Keith Scandone:Is this 51 49 partnership? I mean, they're 51 because they're they're paying us, obviously, so they have the upper hand but really don't like to be looked at or treated like a vendor. We're people, they're people and we and we both sort of need each other and I think that comes with a level of respect that we expect out of our clients, and it's not uncommon that we are very direct with our clients when that is not given to any of us on the team. And so I think that those values, those core values, are frankly the most important thing Now. You work with these big clients.
Keith Scandone:You have a lot of different touch points and a lot of different people. It's not a perfect science, it's not an exact science. You obviously come across some challenging individuals at times, but overall you really kind of look out for your team and you look out for what's right and I think ultimately that has really kind of driven our culture and driven our success. And even though we're remotely we're not always getting together, you know, in person Um, I think there's a connective tissue and fiber, um, in that way of looking at, uh, running a business.
Marc Bernstein:Uh, that's a common theme here with a lot of companies, including my own, because we look at, as financial planners, as our entrepreneurial clients that we want to be their partner along on their journey. So we're like living their, whatever their, their, their vision is. We're living that vision it sounds like you're doing the same thing.
Marc Bernstein:Um so, and I've heard that theme and I think that's collaboration is really becoming, you know, it seems like an obvious thing, but it's becoming in vogue, for whatever reasons, because you know it's kind of high tech, high touch. You know you really need to have those kind of relationships, I think, to move forward today. Two quick questions because we're almost out of time. But what are your thoughts about your legacy? What would you like to leave behind as a result of the work you're?
Keith Scandone:doing. You know it's funny. My business partner said he goes. I want you know when I pass away on my gravestone just to say he gave a s**t and I appreciate it. It's simple but honestly, you know I don't have kids. I have a wife and certainly Bill. I'm fortunate with the friends and family around me as well, and I'm sure you have a lot of people you've impacted.

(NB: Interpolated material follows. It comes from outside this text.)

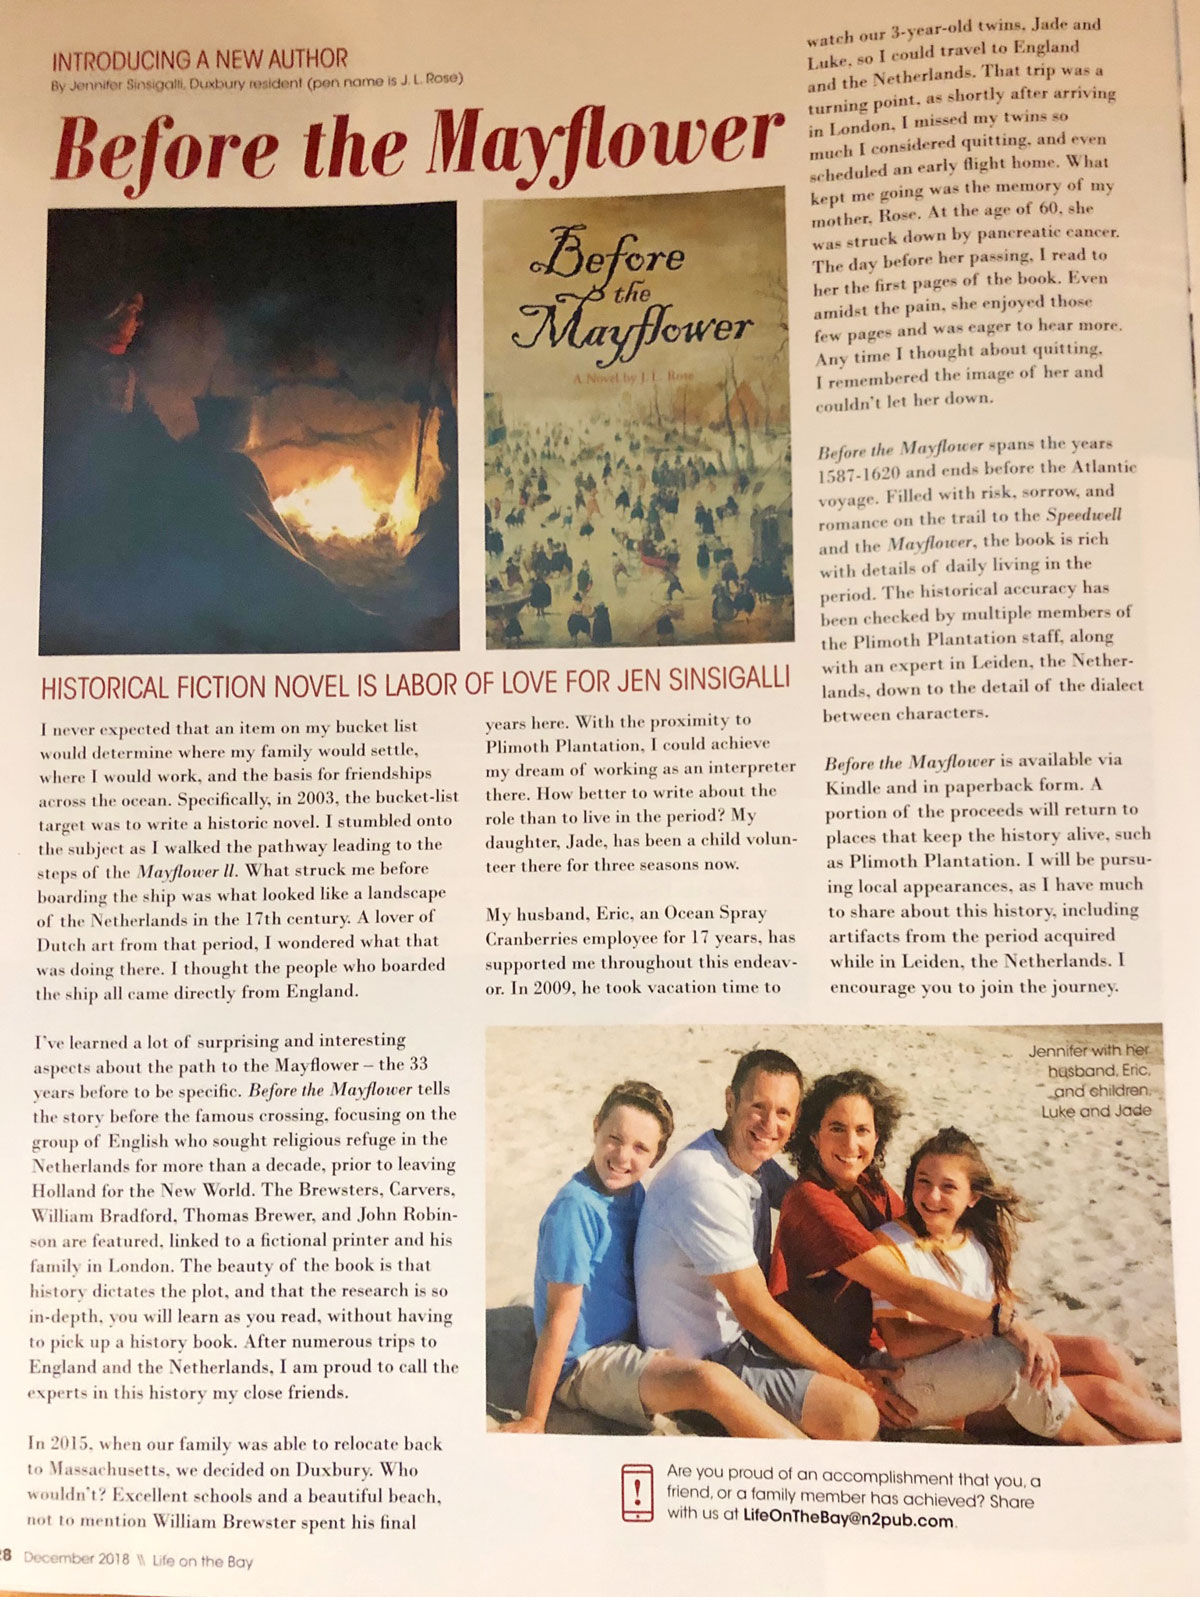 Life on the Bay article

Keith Scandone:I think so, and I don't know that I focus so much on legacy Marc. I mean, I really try every day to just do better work and be a better person individually and impact as many people as I possibly can. So, as you mentioned, I'm on the board at Compass Pro Bono, which is fantastic because Compass, which is in actually four cities right now. Basically what they do is they represent several nonprofits in these different cities and they match them with consultants. I mean hundreds of thousands of dollars of work they get for them for free, I mean. So the reason I wanted to join that board is that I'd have potentially a much greater impact being on that board to the greater DC area and to all these potential nonprofits and volunteers as well. Um, and then, as you mentioned, mentoring as well, which I've done, you know, dozens and dozens of times.
Keith Scandone:I'm part of mentor connect, which is a group out of Philadelphia through pact Um, but beyond that, I mean just individually, organically. I just really, uh, I just have this level of kind of one curiosity. I want to meet new people, I want to try new things, I want to experience new environments, um and uh, I want to learn from people, uh, and I want, if, if it, if it helps them, I want to be able to have them learn from me and my journey and my experience and my connections and any opportunities I can provide to them. So I think it's more of a day-to-day thing I look at it versus looking at what my long-term legacy is.
Marc Bernstein:It's wonderful we're out of time. You've said a lot. It's really a great story. Great to have you here, keith, and we'll stay in touch. We'll follow you on your journey as you go along. Great Thanks. So much, Marc, my pleasure.